(EXERCISE INPUT):
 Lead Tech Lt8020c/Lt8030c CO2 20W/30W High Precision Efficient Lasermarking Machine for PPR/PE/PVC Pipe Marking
---
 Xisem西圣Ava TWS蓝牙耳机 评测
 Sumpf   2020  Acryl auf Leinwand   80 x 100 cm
--
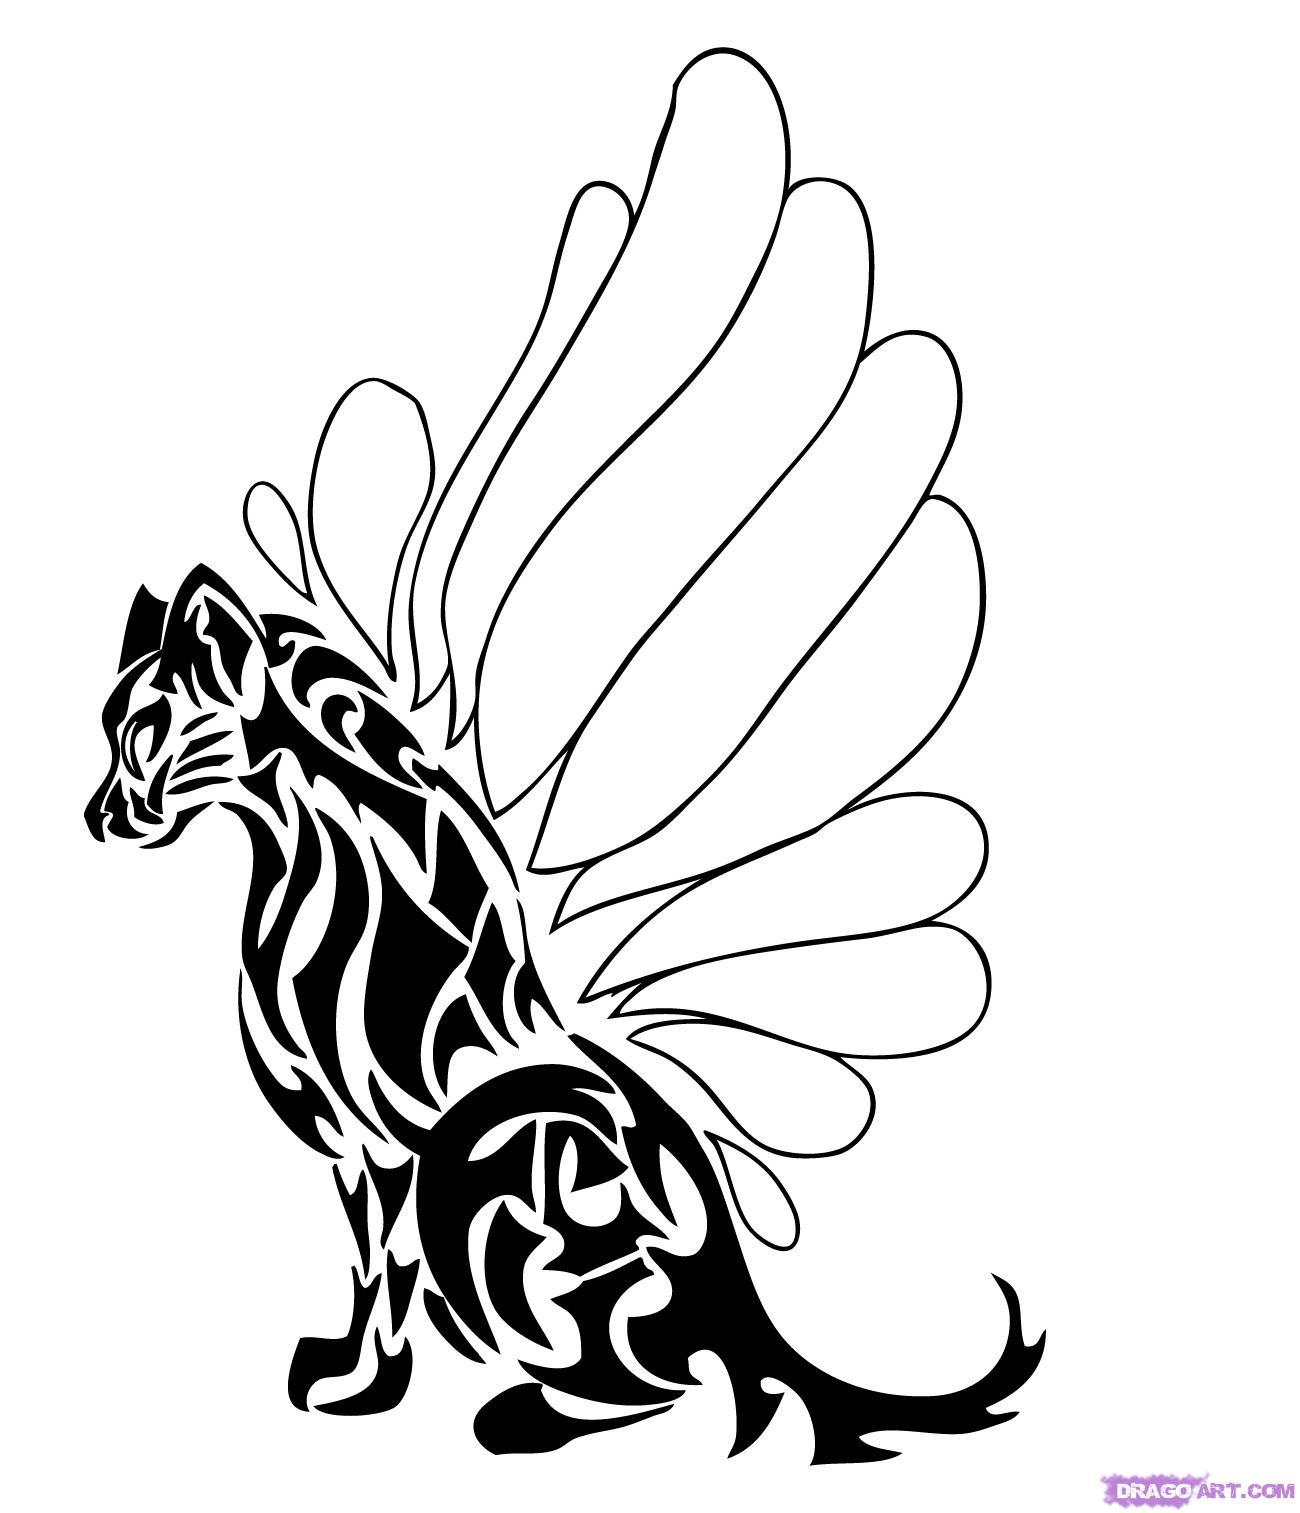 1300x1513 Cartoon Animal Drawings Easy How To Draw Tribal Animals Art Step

(WORK REQUEST):
Look through the material above and print exactly the lines from the one containing "Xisem西圣Ava TWS蓝牙耳机 评测" to the one containing "80 x 100 cm", both included, and nothing more.

(EXERCISE ANSWER):
 Xisem西圣Ava TWS蓝牙耳机 评测
 Sumpf   2020  Acryl auf Leinwand   80 x 100 cm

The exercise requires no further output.